Why it exists: Individual indicators are noisy. The probability that multiple independent models all misfire in the same direction simultaneously is far lower than the probability that a single model misfires. Requiring confluence is the single most effective way to reduce the false positive rate.

On failure: Signal dropped. Rejection is logged with the gate name and failure reason.

Gate 7 — Opposing Signal Gate

What it checks: Is there an active signal in the opposite direction on the same instrument?

If a long signal and a short signal exist simultaneously for the same symbol, the system evaluates both. Where confidence levels are similar (within the opposition threshold), both signals are suppressed — the system treats disagreement as uncertainty. Where one direction dominates, the weaker signal is dropped.

Why it exists: When the system's own models disagree on direction, that disagreement is informative. It means the evidence is ambiguous. Trading into ambiguity increases variance without increasing expected return.

On failure: Both signals dropped if confidence is balanced. Weaker signal dropped if one dominates. Rejection is logged with the gate name and failure reason.

Gate 8 — Composite Score Gate

What it checks: What position size tier does the combined signal score justify?

Signals that pass all prior gates are assigned a final composite score.
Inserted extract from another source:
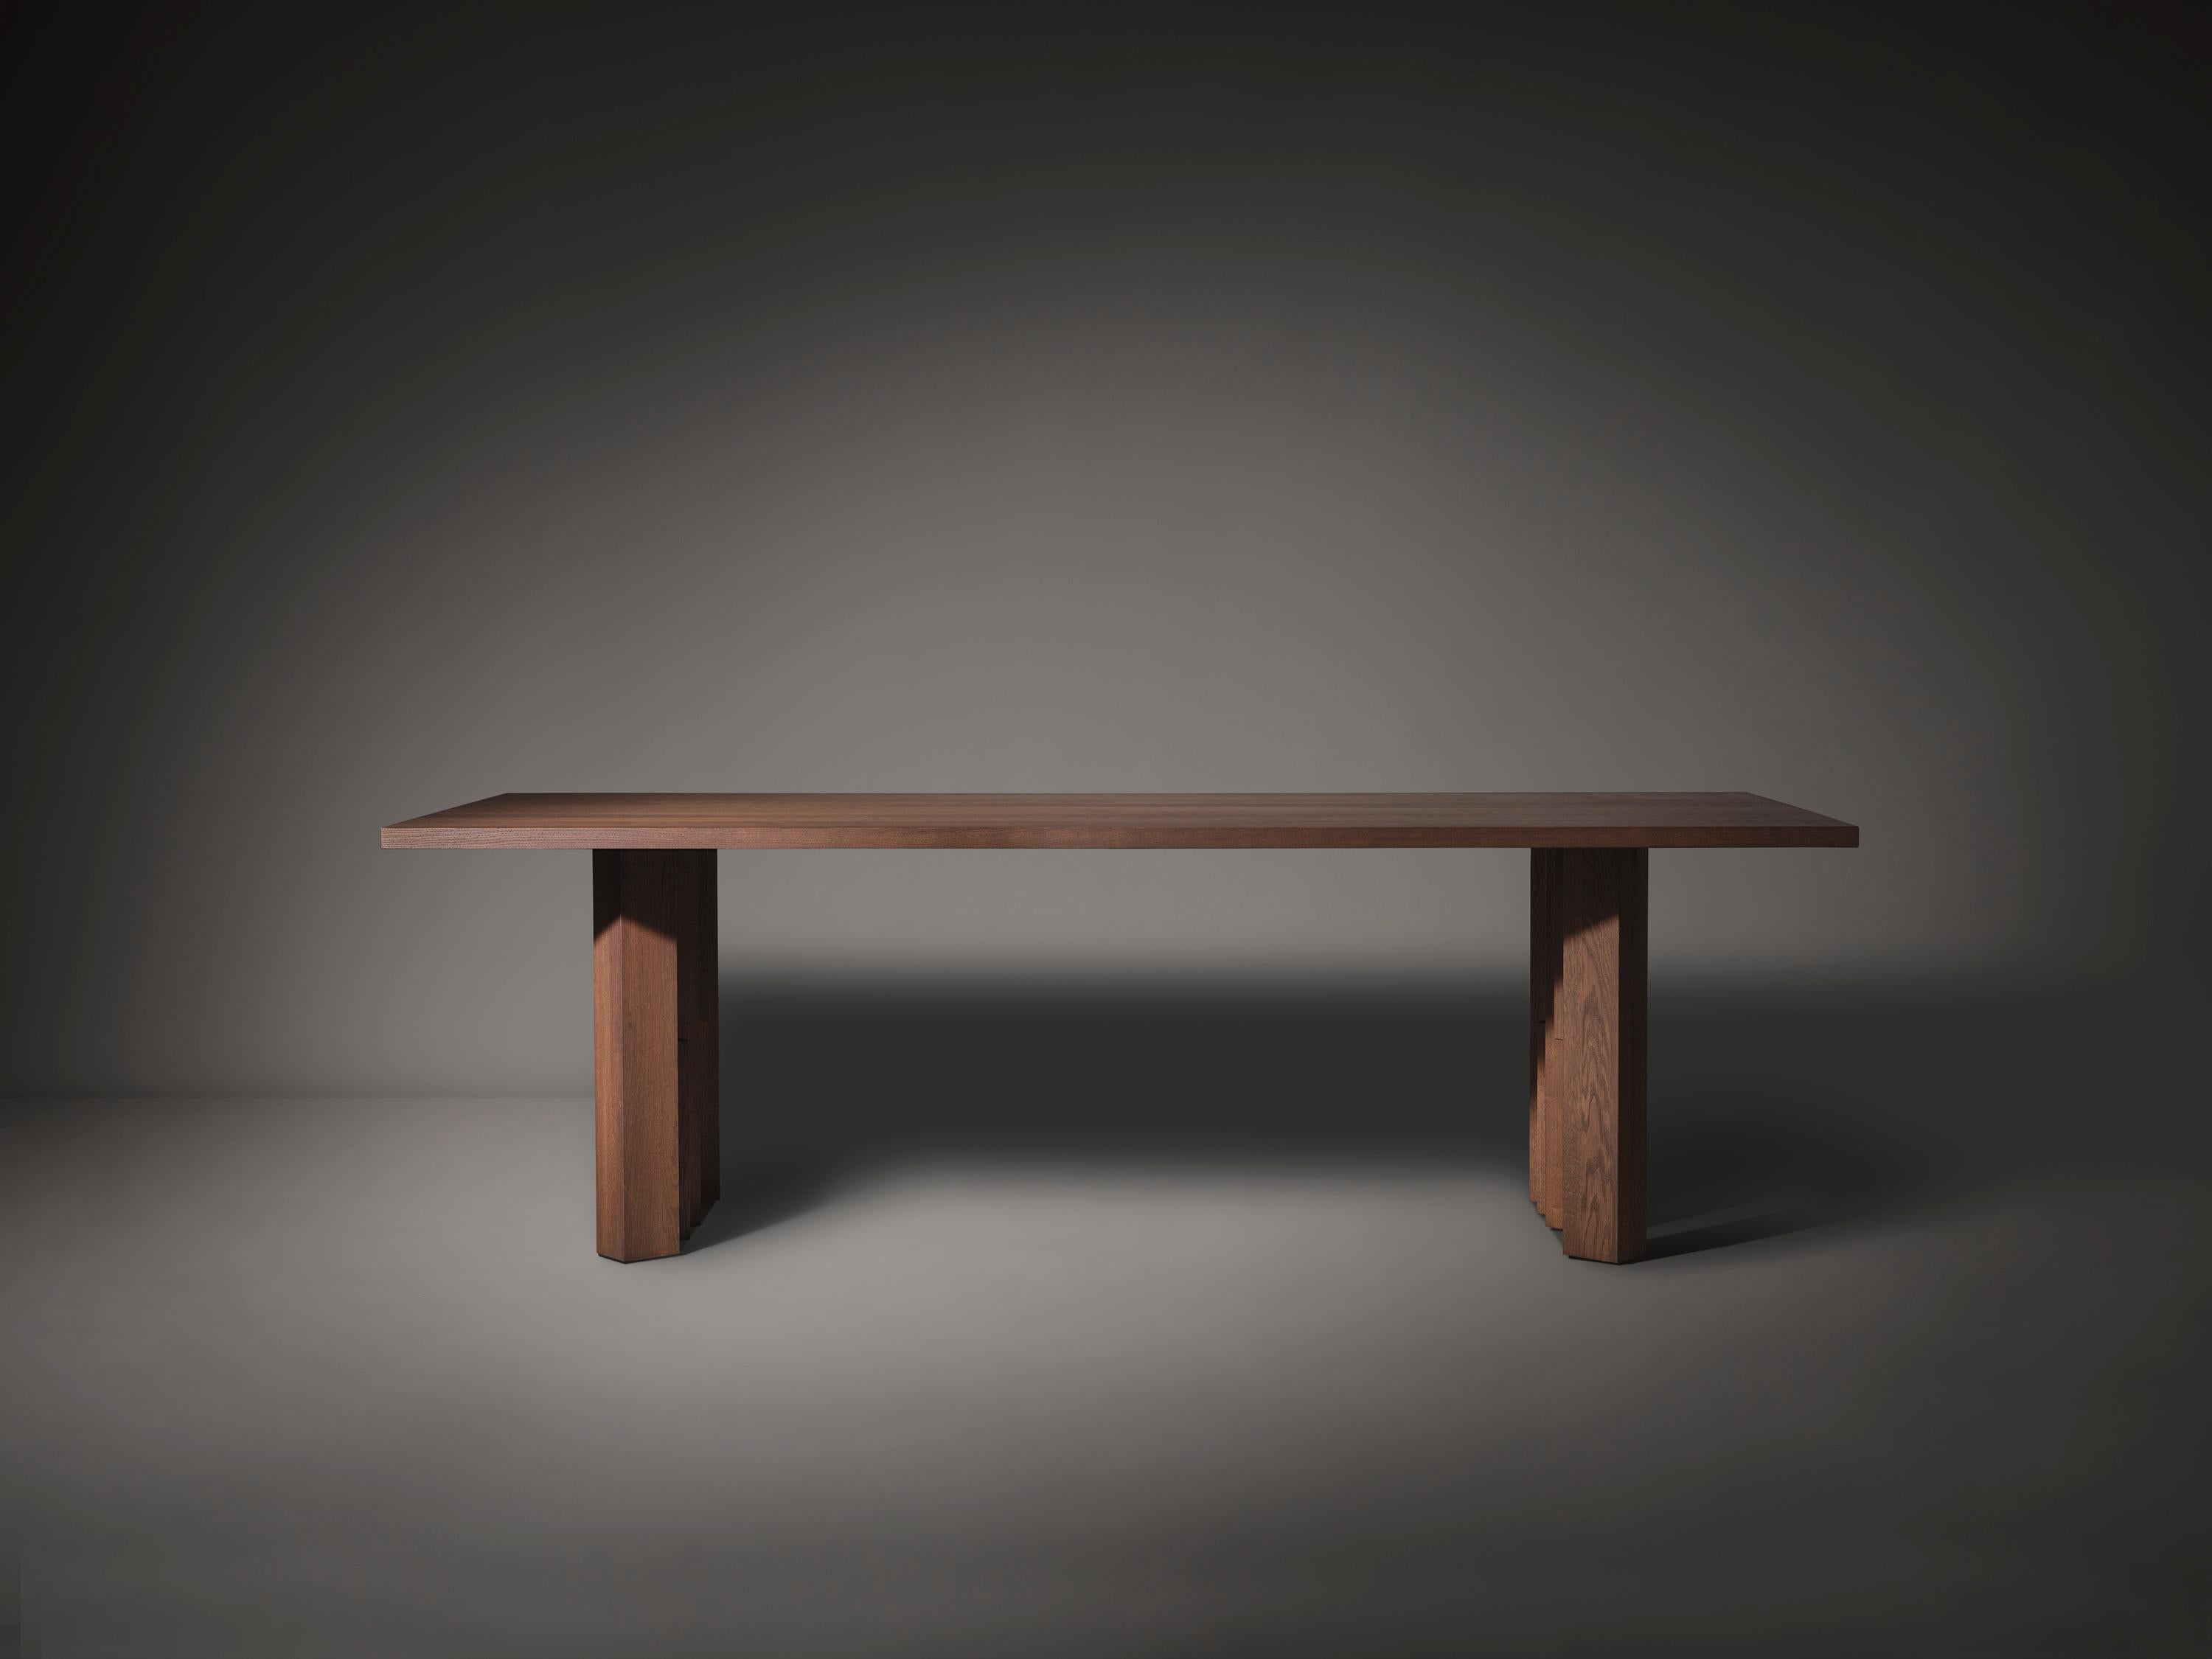 La table Fenestra, inspirée du style de l'école d'Amsterdam, est fabriquée en bois massif. Le design s'inspire de l'expressionnisme des briques, le mouvement architectural visible dans la zone du

This score is used to map the trade to a size tier:

Score RangeSize TierPosition Size
HighFullProfile max position size
MediumReducedFraction of max (profile-defined)
Low-passMinimalMinimum viable size

Signals scoring below the absolute minimum threshold are rejected at this gate even if they passed all prior filters.

Why it exists: Not all signals that pass quality and confluence filters are equally strong. The composite gate ensures that position sizing reflects the actual strength of the signal — strong signals get full conviction, borderline signals get partial exposure. Sizing is a continuous expression of confidence, not binary.

On failure: If below absolute minimum, signal dropped. Rejection is logged with the gate name and failure reason.

Gate 9 — Feasibility Gate

What it checks: Does the current portfolio state have capacity to execute this trade at the proposed size?

The feasibility service is the final validation layer before order submission. It checks:

  • Capital availability — is there sufficient free margin for the proposed size?
  • Concentration limits — would this trade push exposure to a single instrument above the limit?
  • Correlation exposure — would adding this position increase portfolio-level correlation risk beyond the threshold?
  • Market impact — using the Almgren-Chriss model, does the impact-adjusted expected value remain positive at the proposed size? If not, the size is reduced until it does, or the trade is rejected.
  • Minimum viable size — if the impact-adjusted size falls below the minimum viable threshold, the trade is rejected outright rather than executed at a negligible size.

Why it exists: A signal can be high quality and well-timed but still wrong for the current portfolio. If the portfolio is already heavily concentrated in correlated instruments, adding more correlated exposure increases drawdown risk even when the individual signal is sound.

On failure: Trade rejected or size reduced. Rejection is logged with the gate name and the specific check that failed.

The Fail-Closed Philosophy

Every gate in this pipeline defaults to rejecting rather than approving when its state is uncertain. If the regime classifier has not yet converged, it defaults to blocking. If the infra health check is ambiguous, it defaults to unhealthy. If quality data is insufficient to compute a reliable score, it defaults to below-threshold.

This is intentional. Missing a trade that would have been profitable is an acceptable cost. Executing a trade in adverse conditions with degraded data and unhealthy infrastructure is not.

The gates are not hurdles designed to be cleared — they are independent perspectives, each asking a different question about whether the market, the system, and the portfolio are in the right state to trade. A signal that satisfies all nine questions simultaneously is genuinely high conviction.